でも、バイオの世界では、上場を急ぐよりも「エクイティストーリー」と呼ぶ事業展望を投資家によく説明し、定着させることを優先すべきだ、と考えた。自然に考えれば、それが一番、宝のためになる、と思う。持ち株会社化の準備を進める宝を訪ねるたびに、それを訴える。そして、まずはタカラバイオ株の上場ではなく、機関投資家への第三者割当増資を先行させ、「エクイティストーリー」の浸透を図ることを提案する。

当時、いくつもの証券会社が、早期上場の案を持っていっていたようだ。自分たちの提案は、はた目には、まどろっこしく映っただろう。でも、宝は、受け入れてくれた。2003年10月、第三者割当増資が実施される。そのとき、もう東京本社の企業金融担当取締役へ転じていたが、京都を離れるまで「全てはお客様の為に」の思いで通い続けたことが、結実した。1年2カ月後、タカラバイオ株は東証マザーズ市場へ上場される。

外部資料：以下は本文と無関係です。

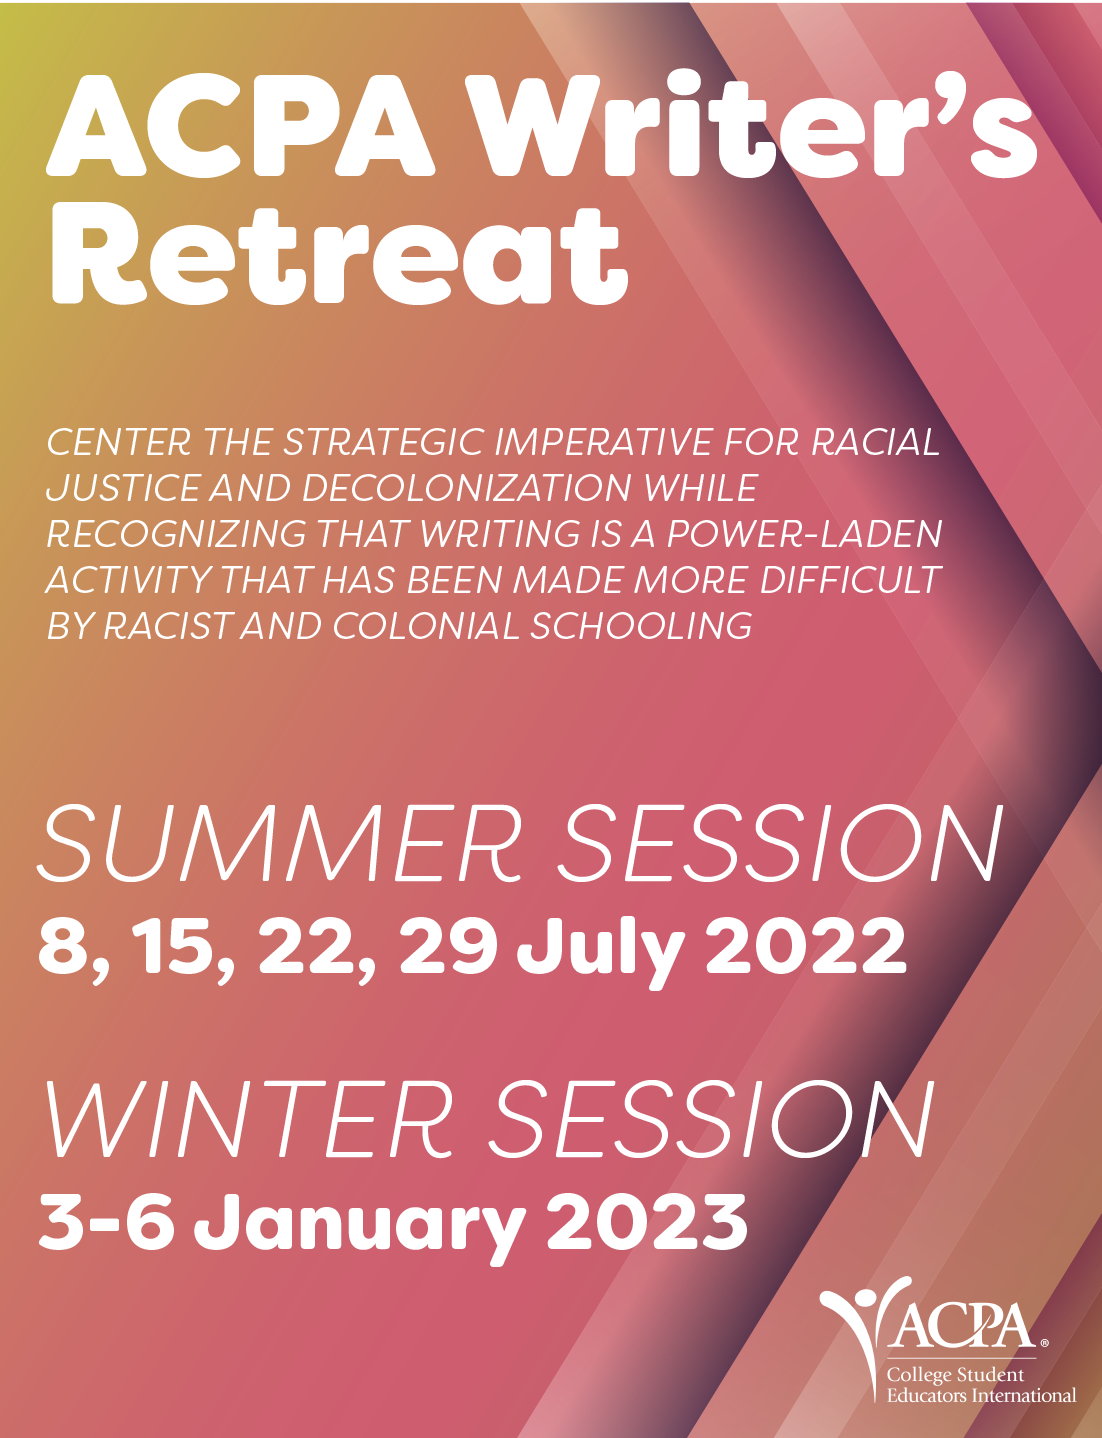 ACPA Writer's Retreat CENTER THE STRATEGIC IMPERATIVE FOR RACIAL JUSTICE AND DECOLONIZATION WHILE RECOGNIZING THAT WRITING IS A POWER-LADEN ACTIVITY THAT HAS BEEN MADE MORE DIFFICULT BY RACIST AND COLONIAL SCHOOLING.

京都では、エレクトロニクス企業の買収案件も、手伝った。こちらも、自然体で接したのが、よかったのだろう。ロータリークラブの会合で、たまたま、その企業の会長と隣の席になった。それがきっかけで親しくなり、飲みにも連れていってもらう。会長はいろいろと考えていた時期で、支店の部下に経営戦略の提案書をつくらせたら、ぴたっとはまったらしい。資金調達などのまとめ役を務める主幹事証券に、選んでくれた。

京都支店は92年夏から3年近く、営業課長席にいたこともあり、思い出深い。いまでも京都へいく機会があると、うれしくなる。第二の故郷のようで、社内には「京都出身」と勘違いしている人もいる。

実は、京都支店長を内示されたとき、人事担当役員のところへいって、取り消しを求めた。入社して以来、自ら希望した異動は、1つもない。人事とは、そういうものだ、と思う。ただ、このときだけは「こんな人事、撤回してくれ」と言った。個人客向け営業が大半の岡山支店長から本社の事業法人部へ転勤し、転職したような大変化に苦労した。やっと慣れ、「この世界でも、何とか生きていけるかな」と思い始めた矢先に、京都へいけと言われた。役員への登竜門となっていた役職だけに、人事担当役員は驚き、「断るなんて、あり得ない」のひと言で片づけた。